Своим пациентам я часто напоминаю, что экспрессия представляет собой прямую противоположность депрессии.

При этом яркое проявление эмоций, то есть свободное самовыражение, не делает из вас больного человека. Напротив, подавленное состояние, когда все дурные мысли скапливаются внутри вас, — это настоящая болезнь.

Недавно я разговаривала с прекрасным человеком, который служит детским защитником в системе патронажного воспитания Канады. В частности, он учит ребят открыто проявлять переживания по поводу их безрадостной жизни: беззащитности, уязвимости, потери семьи, — кстати, многие из них не знали своих родителей с самого рождения. Я поинтересовалась, что привело его к такому методу работы с детьми, и он пересказал краткий разговор со своим умиравшим от рака отцом. «Как ты думаешь, откуда у тебя рак?» — спросил сын. «Потому что я так и не научился плакать», — ответил отец.

У каждого человека существует потенциальная возможность быть здоровым или стать больным — на последнее влияет множество факторов. Скорее всего, мы сами тоже наносим себе немалый вред, когда среди причин своих болезней и душевных травм ищем собственную вину. Но одно я с уверенностью могу сказать: если мы не позволяем себе внешнего проявления эмоций, если приучаем себя подавлять сильные чувства, то все, что мы держим «при себе», влияет на обмен веществ в организме — а это приводит к патологии клеток и расстройству нервной системы. В Венгрии говорят: «Не вдыхай в себя собственную злость». Привычка сдерживать свои чувства и хранить их взаперти может обернуться для человека опасными вещами.

Попытки оградить себя от собственных чувств, желание защитить других от их сильных эмоций — в конечном счете это никогда не срабатывает. Кто из нас с малых лет не приучен отказываться от своих внутренних откликов на какие-то явления, то есть, иначе говоря, отрекаться от самого себя — себя подлинного.

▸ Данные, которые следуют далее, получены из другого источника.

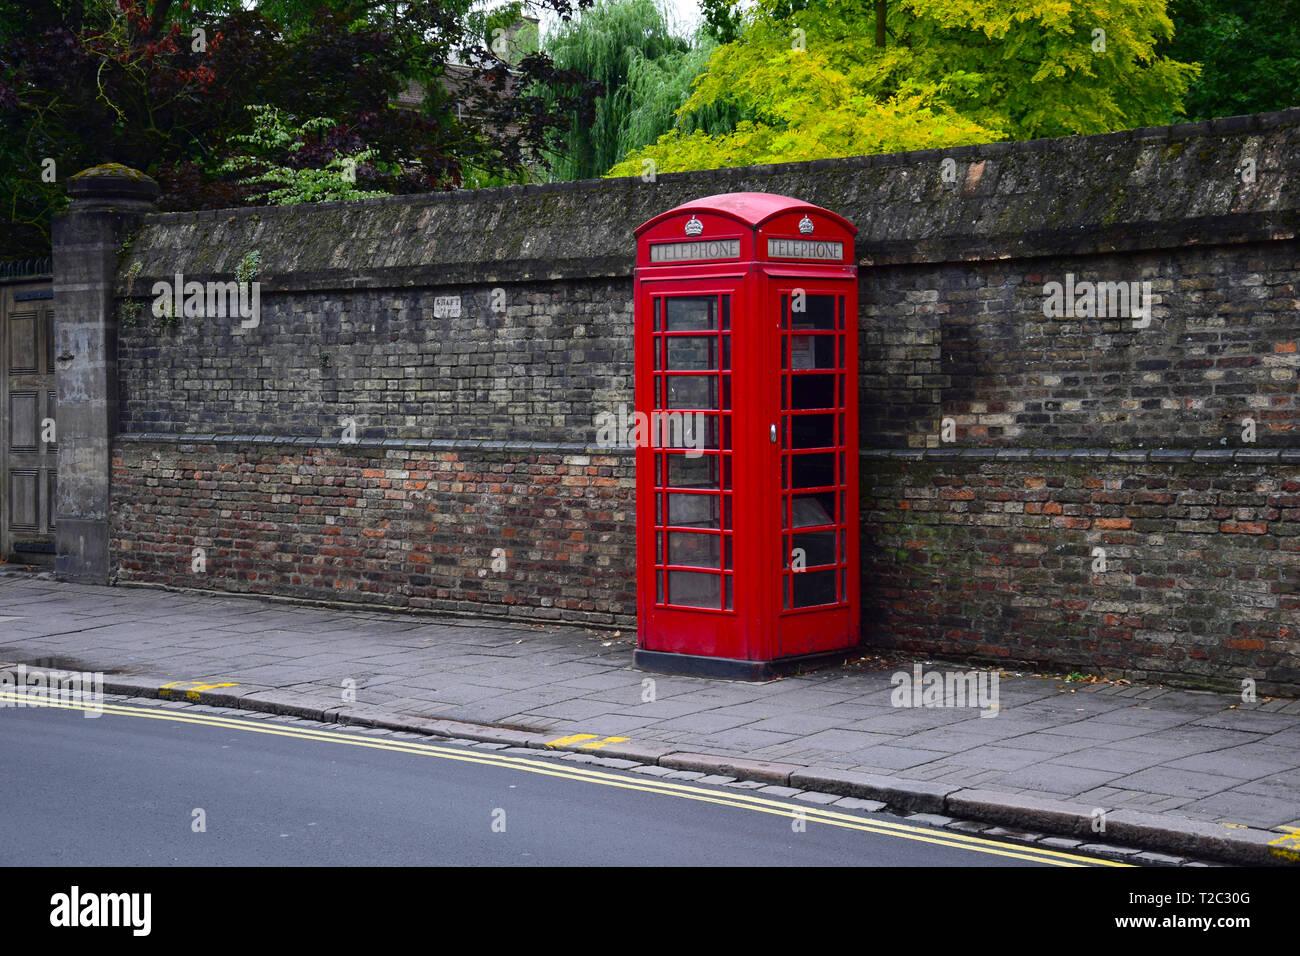 Telefonzelle in Cambridge, England, Großbritannien Stockbild

Ребенок приходит домой и заявляет: «Ненавижу школу!» И что он слышит в ответ? «Ненависть — слишком сильное чувство», «Не произноси этого слова ненавижу», «Ну не может же быть все так плохо» — вот что обычно говорят родители. Ребенок падает и обдирает коленку, а взрослые утешают: «Все хорошо, ты в порядке!» Движимые первым желанием поддержать ребенка, дать ему собраться духом, помочь перенастроиться или оправиться от боли как телесной, так и душевной, заботливые взрослые, как правило, совершают две ошибки. Они или слишком преуменьшают значение того, что переживает ребенок, или — совсем непреднамеренно — дают ребенку понять, что одни чувства испытывать можно, а другие — недопустимо. Порою замечания взрослых скорее напоминают приказы и отличаются откровенной бестактностью: «Успокойся!», «Возьми себя в руки!», «Не обращай внимания!», «Да ты у нас плакса!»

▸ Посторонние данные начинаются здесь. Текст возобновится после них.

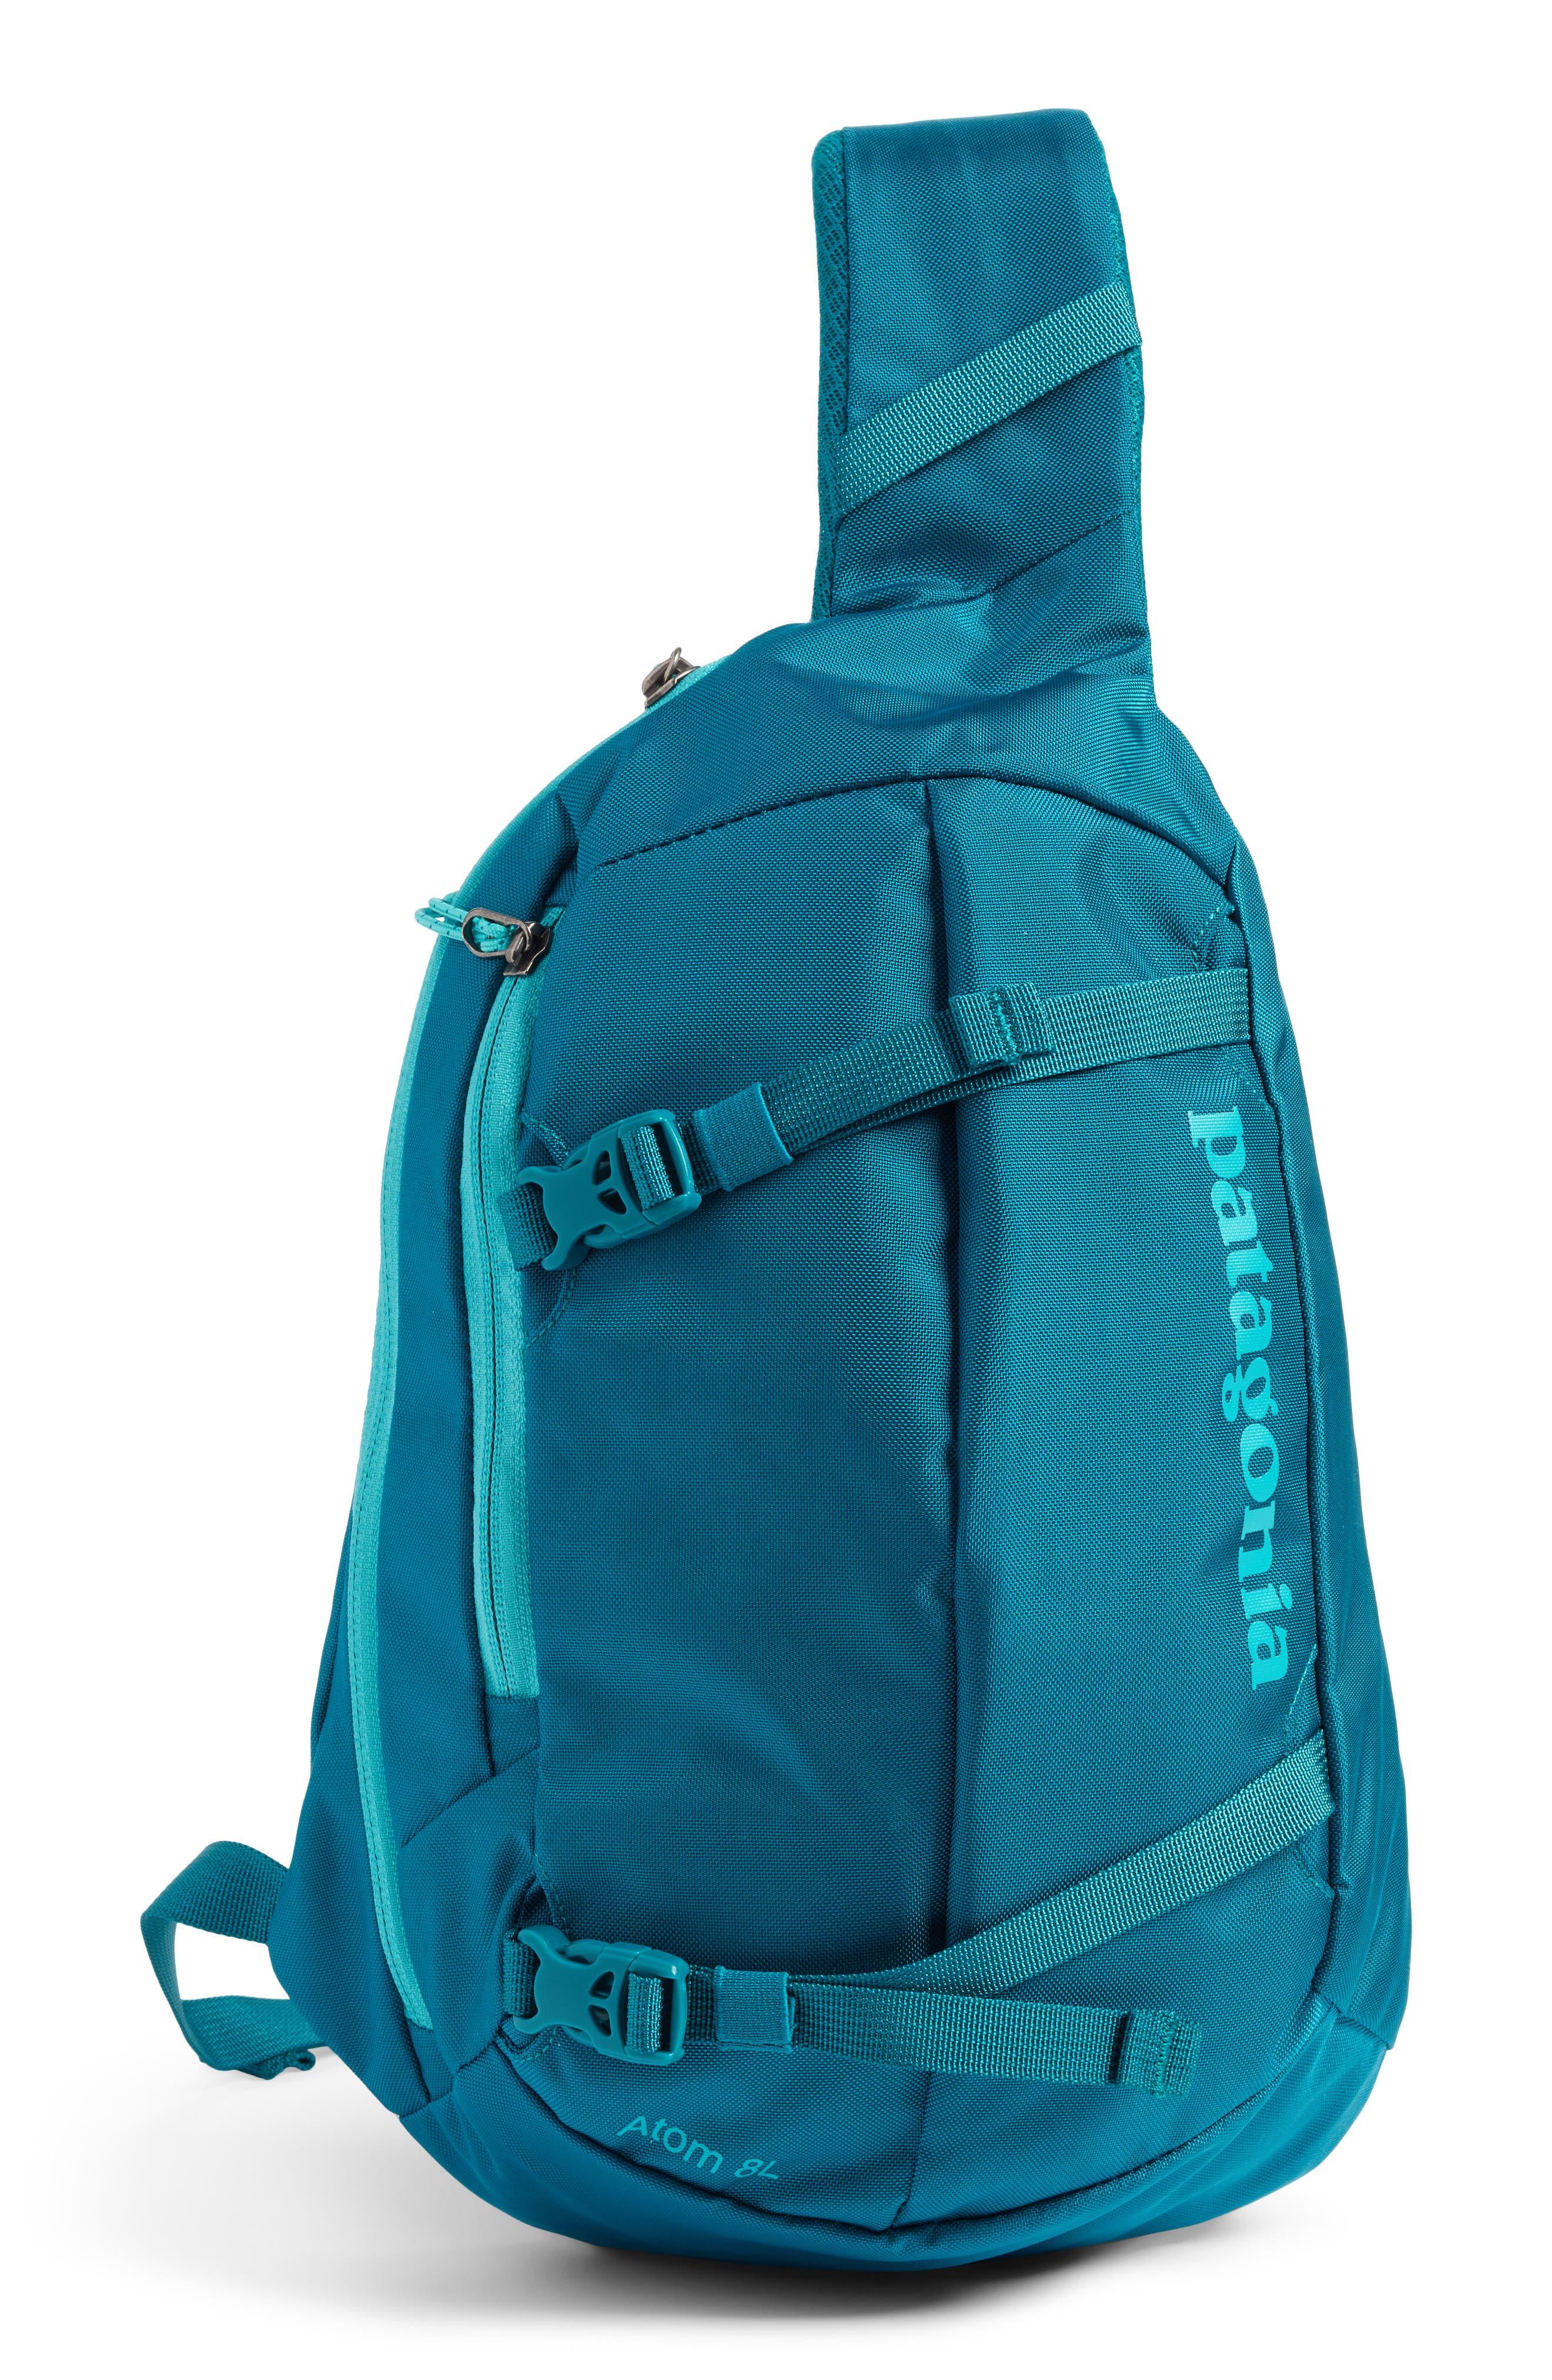 Atom 8L Sling Backpack,                             Main thumbnail 1, color,                             Elwha Blue

В первую очередь дети учатся, наблюдая за нами: что мы делаем и как поступаем. Но они редко прислушиваются к нашим назиданиям. Если домашняя атмосфера, созданная взрослыми, такова, что не разрешается выражать свою злость или гнев вымещается довольно травматическим для других способом, дети в такой семье быстро усваивают: иметь сильные чувства непозволительно, а иногда эти чувства и небезопасны.

Многие привыкают лишь реагировать — реагировать, но не отзываться на происходящее. Нас чаще учили прогонять свои эмоции — подавлять, залечивать таблетками, прятаться от них.

Один из моих пациентов — врач, подсевший на сильнодействующие рецептурные препараты, — как-то раз позвонил мне рано утром: «Доктор Эгер, я вдруг понял прошлой ночью, что ведь в Аушвице не было никакого [антидепрессанта] прозака». Понадобилось некоторое время, чтобы переварить услышанное. Необходимо четко разграничивать, когда люди от тоски забрасывают в себя таблетки и когда нуждаются в приеме необходимых лекарств, потенциально способных спасти их жизни. Но врач верно подметил. Хотя сам, чтобы избавиться от переживаний, обратился к внешним подпоркам в виде наркотических средств, в которых совершенно не нуждался.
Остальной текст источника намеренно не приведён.